Collin Cooper, 18, said he's doing ok. He spent nearly seven days in the hospital, undergoing three surgeries to get the leg just below the knee on the right track to heal properly. He wraps an ace bandage around his left calf, which covers the wound. He also has stitches from where doctors made incisions during surgery. He also has a vacuum-assisted closure, or V.A.C., for the wound.

"I can't walk yet," Cooper said. "But they said I can put pressure on it in about three to four weeks, I think they said. But I wont be back to walking on it fully for three to four months."
He said doctors told him the bullet shattered 10 percent of his tibia, a major bone in the calf.

"They said the lucky part is it didn't hit any major arteries and it only nicked one vein," Cooper added.

Now Cooper has to sit at home and rest up. His blood levels are still low, and it hurts to hold his leg vertically. Several times a day he has to do ankle and knee exercises to strengthen the muscles around them. Otherwise he has to keep his leg elevated, even while he sleeps, which is in a hospital bed the family already had. He said it's hard sometimes to take it so easy because he's been on several sports teams throughout high school and is used to being very active.

He says when family and friends aren't visiting him at home, he plays video games and watches TV. He can't yet return to school, so he his doing some work from home.

But when you ask Cooper about how he's processing the shooting at prom, he just shrugs.

"I'm kind of bummed to be down right now but I'm thankful and lucky that it was just this and it could have been a lot worse," Cooper said.

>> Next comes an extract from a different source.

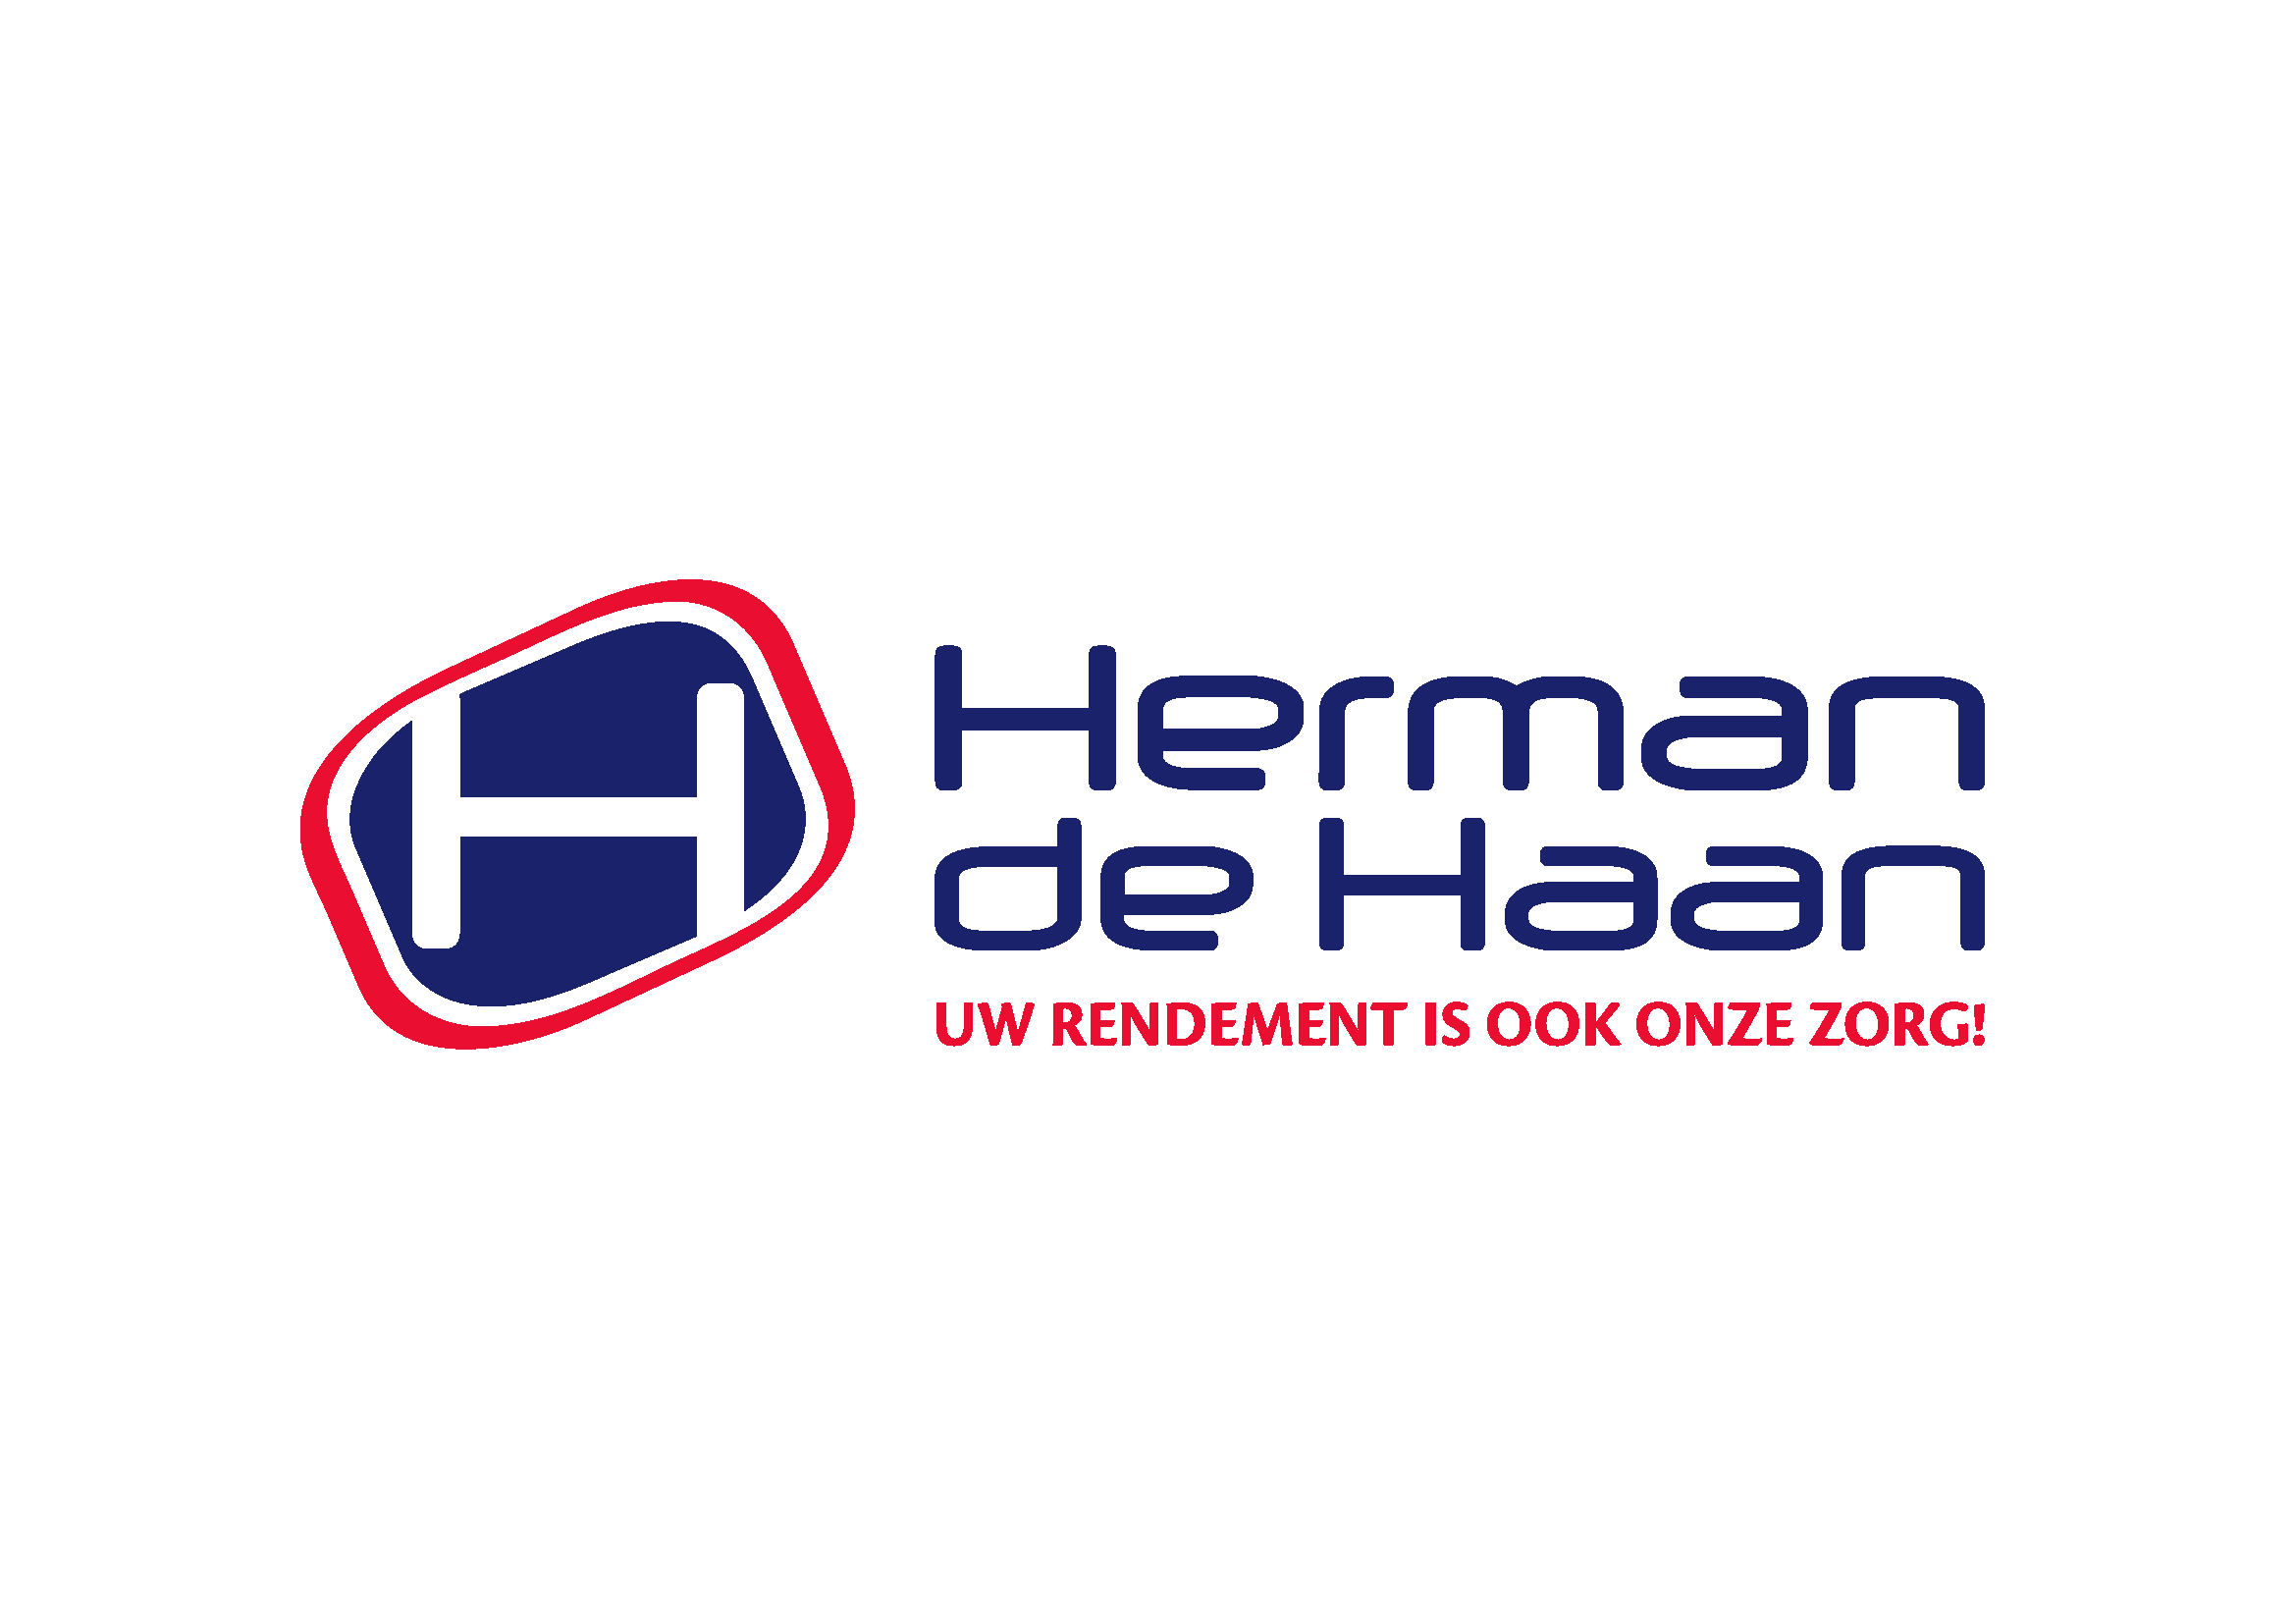 02 HermandeHaan - logo

He's been bombarded on social media, flooded with questions and friend requests. He's only posted several times since the shooting, with the #AntigoStrong hashtag that's been trending on social media since the prom.

The oldest of five has leaned on his faith, his family and his friends.

"I'm fine I just want people to worry about Collin," said Cooper's friend Spencer Fittante, 17, who was walking out of prom with Cooper when he was shot. Fittante helped tie a his tie around Cooper's leg as a tourniquet.

"I never thought anything like that would ever happen to us, ever," Fittante said.

Still, Cooper won't let the injury keep him from working this summer or walking across the stage at graduation. He joked about practicing walking up stairs with his crutches. He said he thinks his humor helps him cope.

He's proud of and humbled by the Antigo community. He said there are days when it gets hard, but he's got the support of his family and friends. He wants to move on, but he also thinks sharing his experience might be able to help others.

"It's cool to see how the town has rallied around me and the all the other victims," Cooper said. "I think it's kind of a cool opportunity to have to share with people what happened. And I can kind of help them through things too. So I mean I want to put some of it in the past but some of it I want to hold onto so I can be able to help people in the future."